Change the cluster distribution without downtime

Recently we’ve upgraded one of our virtualization clusters (more RAM), and in the course of this did an upgrade of the virtualization hosts from Ubuntu Lucid to RHEL 6.3 — without any service interruption.

That was not that complicated, really; as our core product DRBD works on (nearly) every Linux distribution, we simply

  1. live-migrated all VMs to one of the nodes;
  2. reinstalled the root filesystem on the other node with RHEL 6.3[1. Copying some things, like the Pacermaker node-UUID, helps a bit, too; but that’s not strictly necessary.] and configured GRUB to boot into that one;
  3. installed matching DRBD modules
  4. waited a few seconds for the resync to complete (which was really that fast, because we didn’t touch the existing logical volumes, and so the changed data were only a few GiB);
  5. and then let Pacemaker take control over the cluster again, allowing us to migrate the VMs to the newly installed node.
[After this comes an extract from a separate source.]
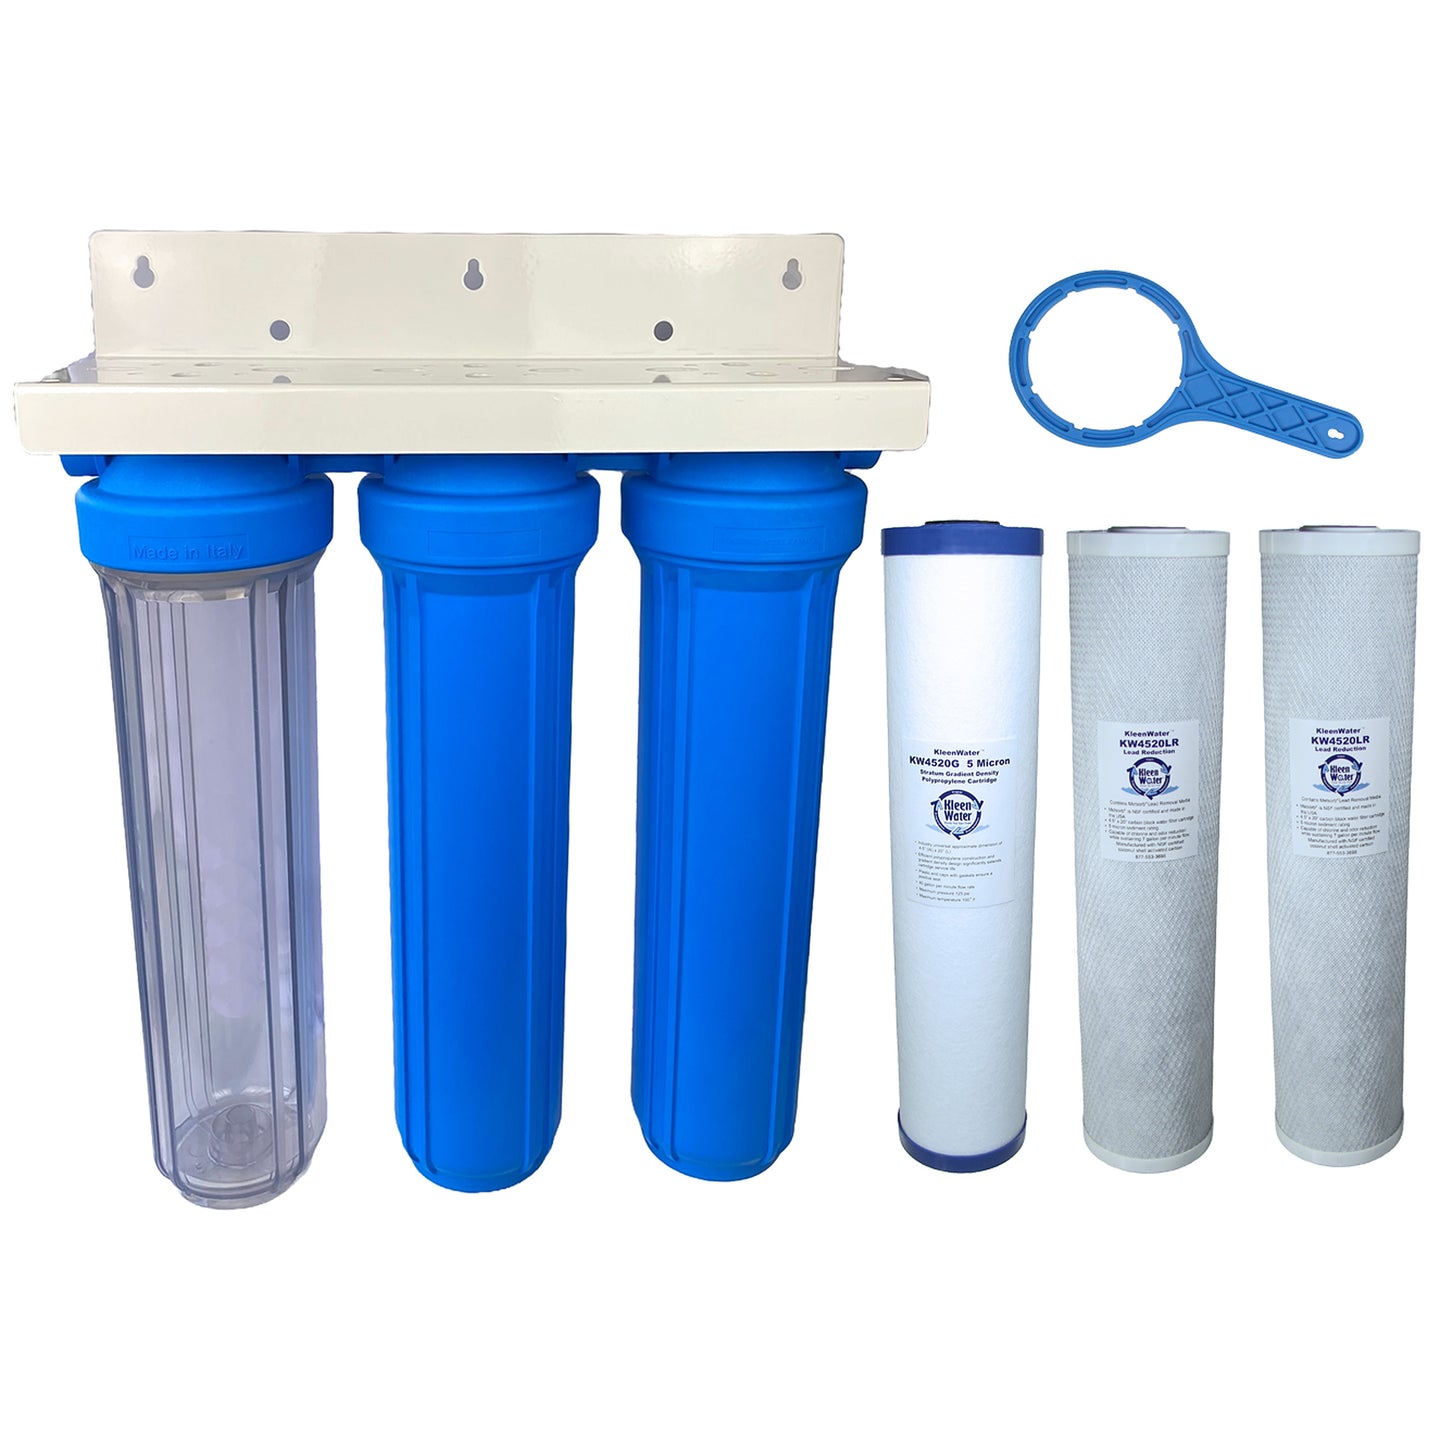 KleenWater Triple Stage Whole House Water Filtration System for City / Municipal Water to remove Lead, Chlorine, HAA5, THM, DBP & Chemicals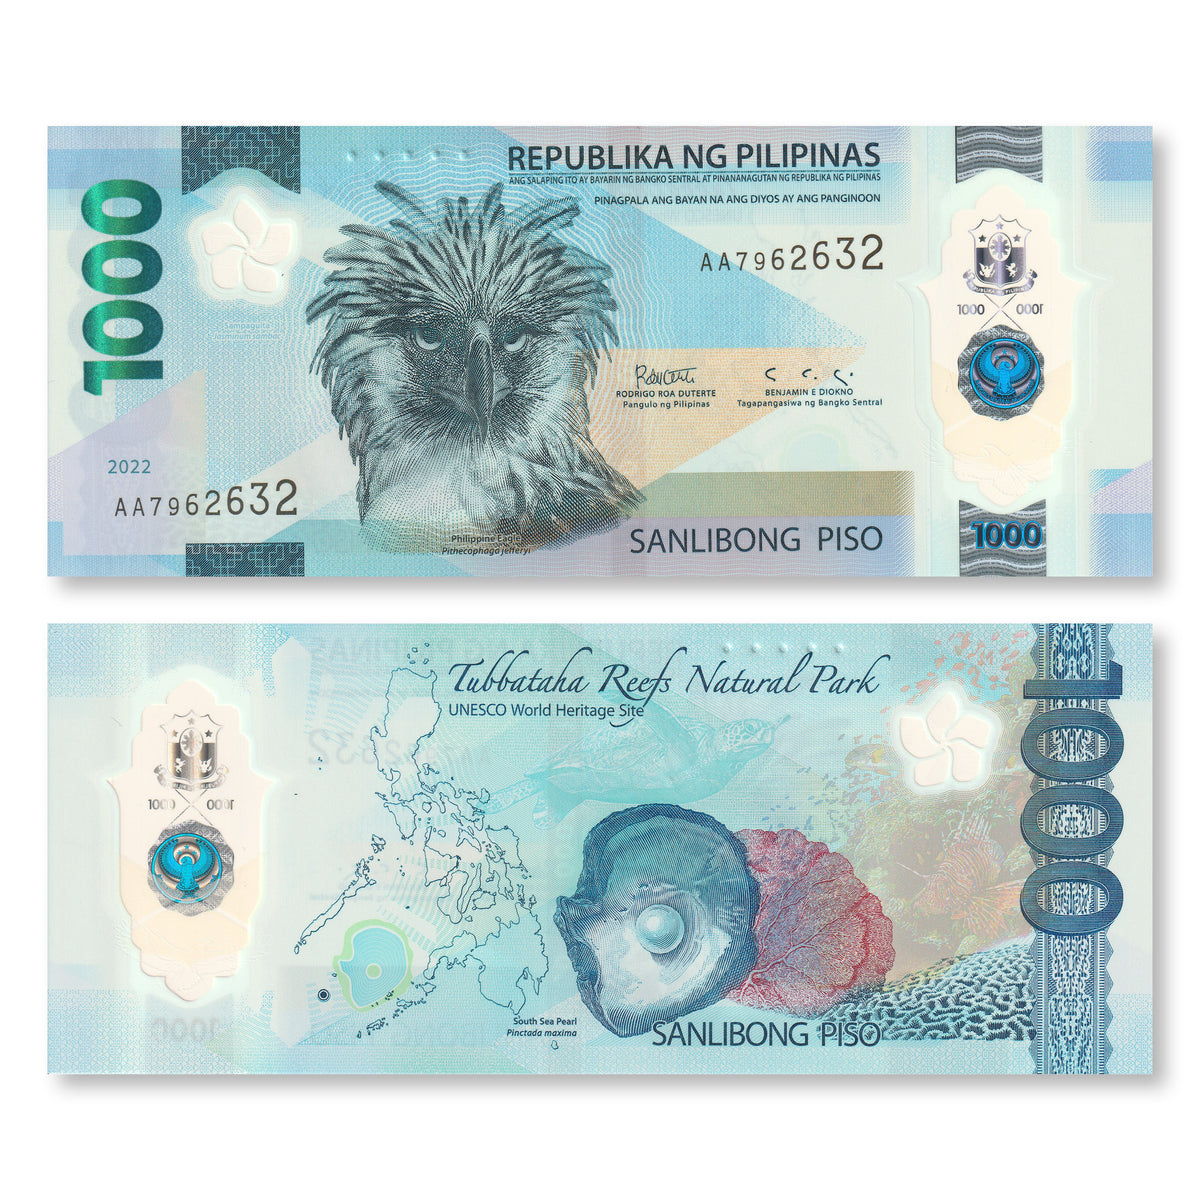 Philippines 1000 Piso, 2022, B1100a, IBNS Banknote of the Year 2022, UNC

Without any service interruption.

The key to this was that DRBD and Pacemaker are available in compatible versions on most current distributions — and that’s not a big problem, because we make such packages available for our customers in our repositories.

Upgrading DRBD from 8.3 to 8.4 at the same time is only a small, secondary change; after all, its network code can talk to different versions by design.